"A generous and elevated mind is distinguished by nothing more certainly than an eminent degree of curiosity, nor is that curiosity ever more agreeably or usefully employed, than in examining the laws and customs of foreign nations." (Samuel Johnson)

vendredi 30 septembre 2016

Alors, on échange ?

« Les échangistes sont tenus de se garantir mutuellement de l’éviction. Celui qui est évincé a le droit de conclure à des dommages-intérêts et de répéter sa chose. » (extrait de l’entrée « Échange », E. de Chabrol-Chaméane, Dictionnaire de législation usuelle, 1835, p. 389).

Au vu du sens courant du mot « échangiste », cette citation peut faire sourire mais il ne faut pas oublier qu’« échangiste » a d’abord été – et reste – un terme juridique. Voici la définition qu’en donne Cornu : « Échangiste. Celui qui est partie à un contrat d’échange. Syn. copermutant, coéchangiste. » (Vocabulaire juridique, 10e éd., 2014, p. 380).

Selon le Dictionnaire historique de la langue française, le mot « échangiste », attesté dès 1776 dans son acception juridique, n’est entré dans la langue courante que dans les années 1960 : « ÉCHANGISTE n. et adj. (1776) désigne en droit et en économie la personne qui est partie dans un échange (...). Le mot (apr. 1960) se dit aussi de couples qui échangent chacun un partenaire amoureux, d’où ÉCHANGISME n.m. (apr. 1960). » (p. 1160).

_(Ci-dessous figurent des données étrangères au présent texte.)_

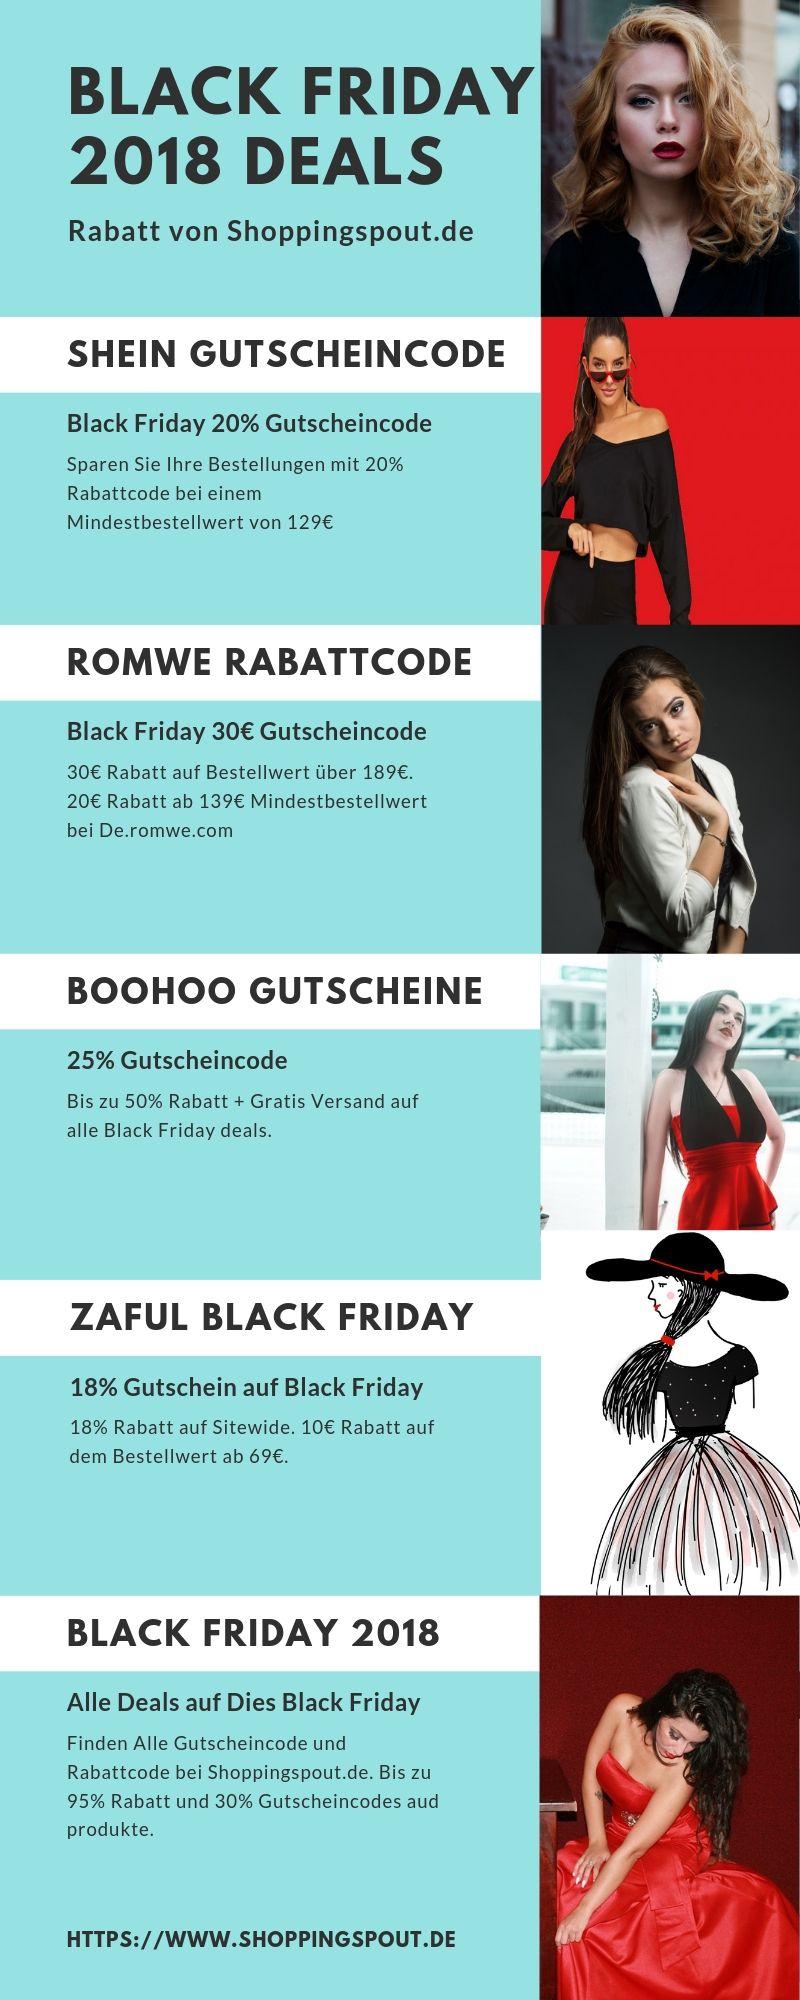 Top Black Friday 2018 Rabattcode Und Deals Bei Shoppingspout De

Dans son acception juridique, le terme « échangiste » semble assez peu utilisé aujourd’hui, du fait sans doute de sa proximité gênante avec son homonyme de la langue courante. Ses synonymes « coéchangiste » ou, plus encore, « copermutant », qui figure notamment dans l’article 1703 du Code civil, permettent d’éviter bien des situations embarrassantes. Ainsi, l’utilisation d’« échangiste » au lieu de « copermutant » dans cette phrase aurait certainement donné à celle-ci une tout autre saveur : « la mauvaise foi du copermutant résulte soit de ce qu’il a connu le vice caché, soit de ce qu’il en a connu ses manifestations » (extrait d’un arrêt de la Cour de cassation, 2014). Inversement, reconnaissons que cette remarque aurait eu nettement moins de piquant si le copermutant s’était substitué à l’échangiste : « Une conséquence ultérieure est que si l’un des deux échangistes est évincé, il peut reprendre sa chose des mains de l’autre échangiste. » (Jean-Baptiste Sirey, Jurisprudence de la Cour de cassation de 1791 à 1813, 1822, p. 98). Le verbe « reprendre » a ici le même sens que « répéter » dans l’extrait du Dictionnaire de législation usuelle cité plus haut. Quant à la « chose », votre imagination lui aura déjà fait son affaire, mais rappelons au passage qu’il s’agit d’un terme de base du vocabulaire juridique. Si, en common law, on la rencontre le plus souvent in action ou in possession, en droit français, on en vante l’autorité une fois qu’elle est jugée. Ce terme fondamental du langage du droit mérite une analyse approfondie et j'y reviendrai ultérieurement. En attendant, bien des choses à vous.